JupyterCon focuses on real-world practices and how to successfully implement interactive computation in your workflow and projects. You’ll discover the best practices for collaborative and reproducible data science; new use cases, and the expertise you need to transform your workflow with Jupyter tools.
| The fall of RNN / LSTM |
We fell for Recurrent neural networks (RNN), Long-short term memory (LSTM), and all their variants. Now it is time to drop them! After ResNet and Attention it became clear that LSTMs were just a clever bypass technique, see this post
| Instance Embedding: Segmentation Without Proposals |
A thorough review of three papers in the field of instance segmentation that outline approaches that differ from the mainstream proposal-based Faster-RCNN.
| Google Developers Blog: Text Embedding Models Contain Bias |
Man is to doctor as woman is to nurse, this biased semantic relationship is encoded when training word embeddings on a conventional data set such as the Google News corpus. This blogpost uses The Word Embedding Association Test (WEAT) to explore some of these problematic associations.
| Hallucinogenic Deep Reinforcement Learning using Python and Keras |
| Jupyter: Tips, Tricks, Best Practices with Sample Code for Productivity Boost |
A short guide including tips and tricks on making the best of your Jupyter notebooks.
| Introducing TensorFlow Probability |
TensorFlow Probability is a probabilistic programming toolbox for machine learning researchers and practitioners to quickly and reliably build sophisticated models that leverage state-of-the-art hardware.
| ModelDepot |
ModelDepot uses Tensorflow.js to train Tiny YOLO
model to detect objects from your webcam.
| Paper Repro: Deep Neuroevolution |
This thoughtful post on reproducing the seminal Uber paper “Deep Neuroevolution” is easy to follow and includes instruction on how to reproduce the reproduction!
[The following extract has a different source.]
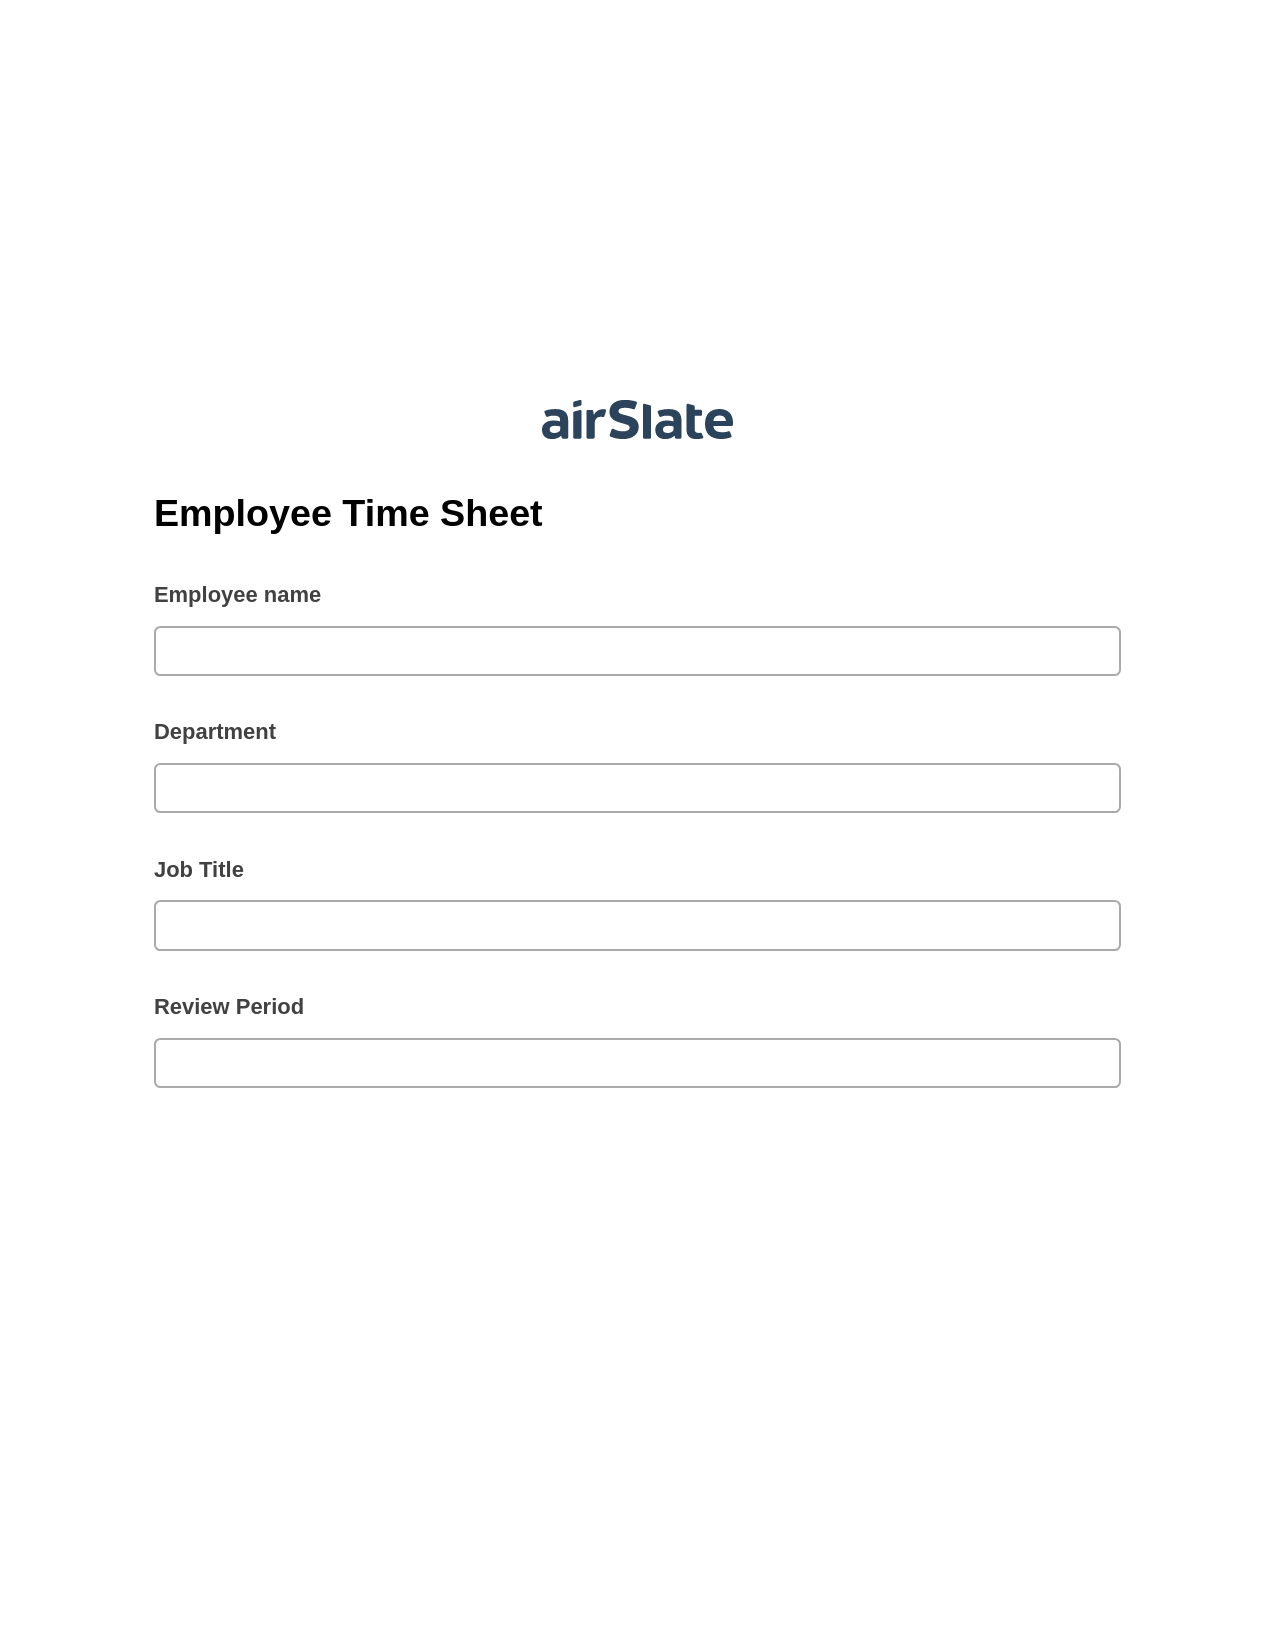 Employee Time Sheet Pre-fill from Salesforce Records Bot, Update Audit Trail Bot, Slack Notification Postfinish Bot
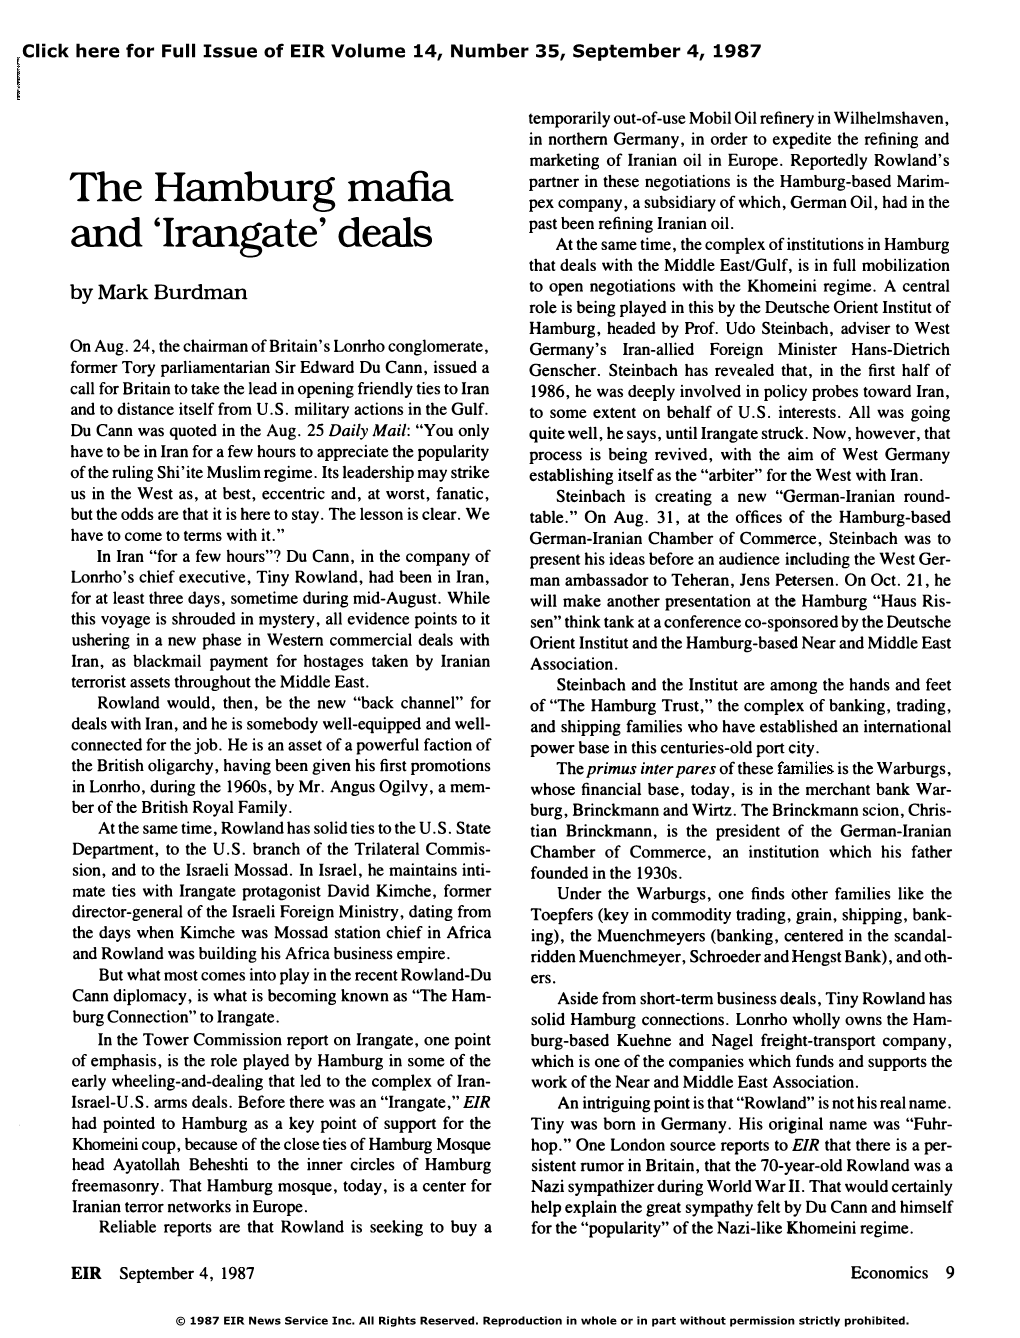 The Hamburg Mafia and 'Irangate' Deals

| Research Blog: Looking to Listen: Audio-Visual Speech Separation |
In “Looking to Listen at the Cocktail Party”, these Google authors present a deep learning audio-visual model for isolating a single speech signal from a mixture of sounds such as other voices and background noise. They are able to computationally produce videos in which speech of specific people is enhanced while all other sounds are suppressed.
| Imagine This! Scripts to Compositions to Videos |
Fascinating paper describing a model that is capable of generating realistic scenes by learning from labelled video. The model is dubbed CRAFT forComposition, Retrieval, and Fusion Network which explicitly predicts a temporal-layout of mentioned entities (characters and objects), retrieves spatio-temporal entity segments from a video database and fuses them to generate scene videos.
| Spherical CNNs |
Convolutional Neural Networks (CNNs) have become the method of choice for learning problems involving 2D planar images. However, a number of problems of recent interest have created a demand for models that can analyze spherical images. Examples include omnidirectional vision for drones, robots, and autonomous cars, molecular regression problems, and global weather and climate modelling.
This paper introduces the building blocks for constructing spherical CNNs proposing a definition for the spherical cross-correlation that is both expressive and rotation-equivariant.
| Adversarial Attacks Against Medical Deep Learning Systems |
The discovery of adversarial examples has raised concerns about the practical deployment of deep learning systems. In this paper, the authors argue that the field of medicine may be uniquely susceptible to adversarial attacks, both in terms of monetary incentives and technical vulnerability. To this end, they outline the healthcare economy and the incentives it creates for fraud, extend adversarial attacks to three popular medical imaging tasks, and provide concrete examples of how and why such attacks could be realistically carried out.